The bursting of the housing bubble has left millions of Americans searching for ways to deal with the increased costs of adjustable-rate or “balloon” loans and stave off foreclosure. Unfortunately, fraudsters see this misery as an opportunity to take advantage of desperate victims and fleece them as exactly the time these consumers can least afford it. The unfortunate reality of these scams is that thousands of consumers end up financially ruined and often out on the street.
While we certainly welcome stepped-up enforcement by federal and state authorities, we believe that such action often comes too late for victims of such scams. Who knows how many consumers could have avoiding becoming fraud statistics if they had been armed with information to help them spot these scams and take advantage of the legitimate resources available to help them negotiate with their creditors and avoid foreclosure?
With this in mind, NCL last week called on the nation’s leaders to place a renewed emphasis on consumer education to empower consumers to avoid mortgage modification, foreclosure rescue, and other forms of mortgage fraud.

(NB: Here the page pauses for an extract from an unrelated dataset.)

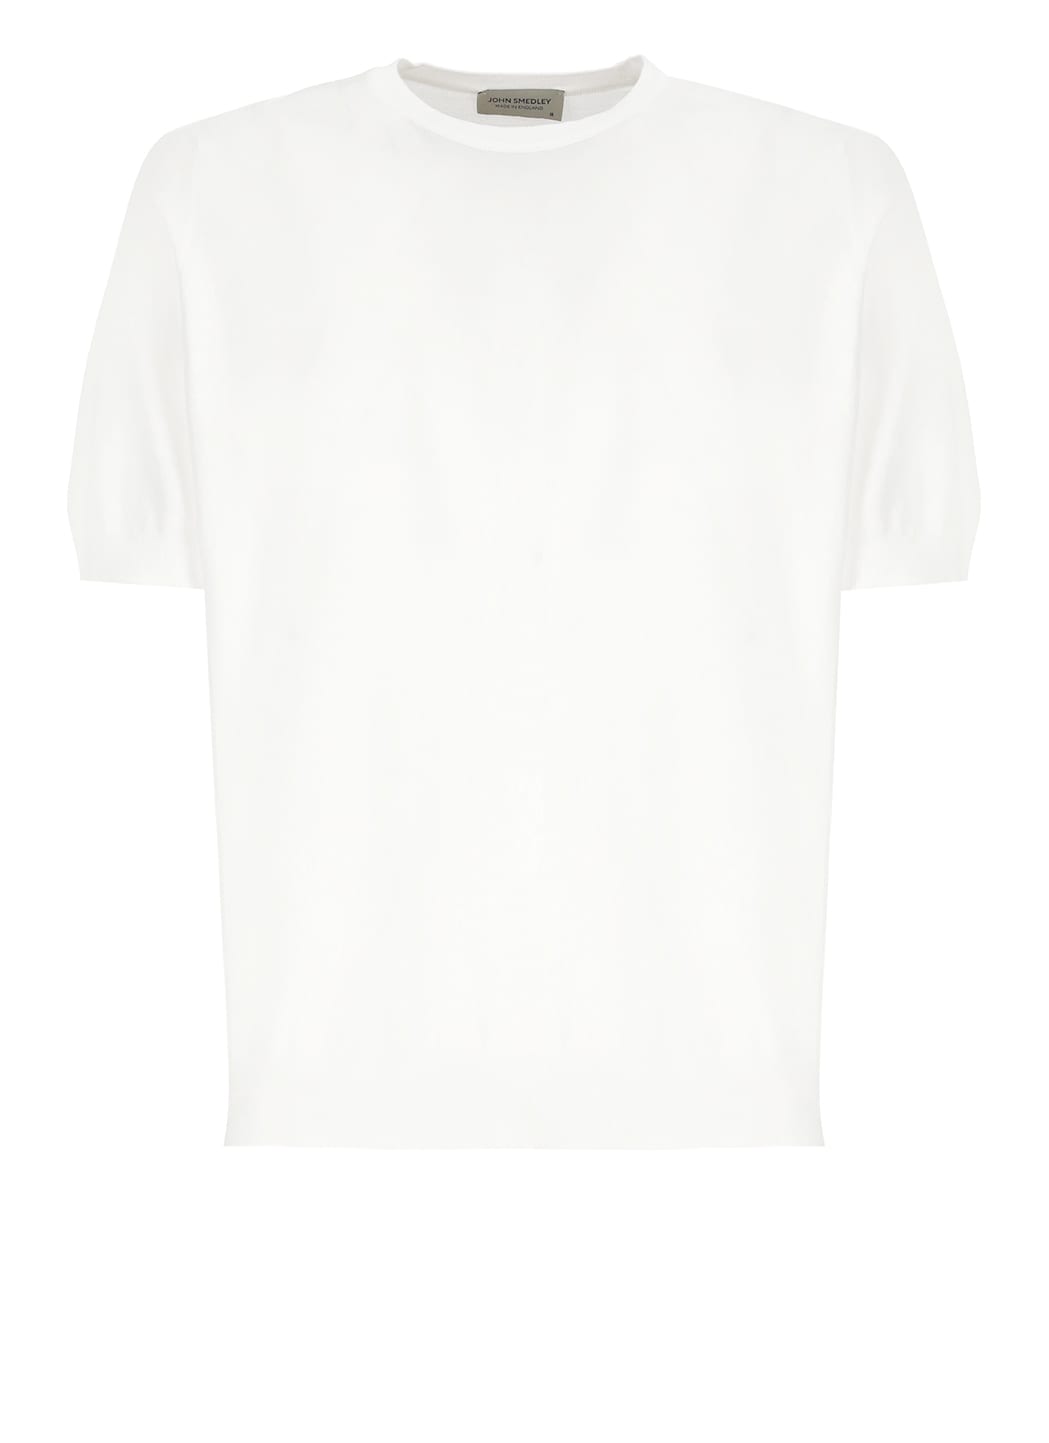 Kempton T-shirt

Said NCL Executive Director Sally Greenberg:
“Recent multi-agency federal and state actions to tackle the threat of mortgage fraud are a positive step in helping to protect consumers. Fraudsters should be apprehended and brought to justice. All too often, however, victims of these schemes have already been ruined financially by the time mortgage fraud rings are broken up by law enforcement. Now, more than ever, enforcement should be tied to prevention by devoting more resources to educating consumers through churches, community centers, senior centers, schools, and libraries. This is needed particularly in vulnerable low-income, elderly, and immigrant communities, whose members are frequent targets for mortgage fraud.”
Last week, the Treasury Department stated that from July 2002 to June 2008, it had received nearly 180,000 reports suspicious activity related to potential mortgage fraud. While these statistics are shocking, it is likely that thousands more instances of such fraud go unreported. Enforcement against scammers is an important part of the fight against mortgage fraud, but it should not be the only part. For the vast majority of consumers, their homes are the biggest investment they will ever make. They should be empowered with information, through coordinated widely available consumer education efforts to avoid losing those investments to scam artists.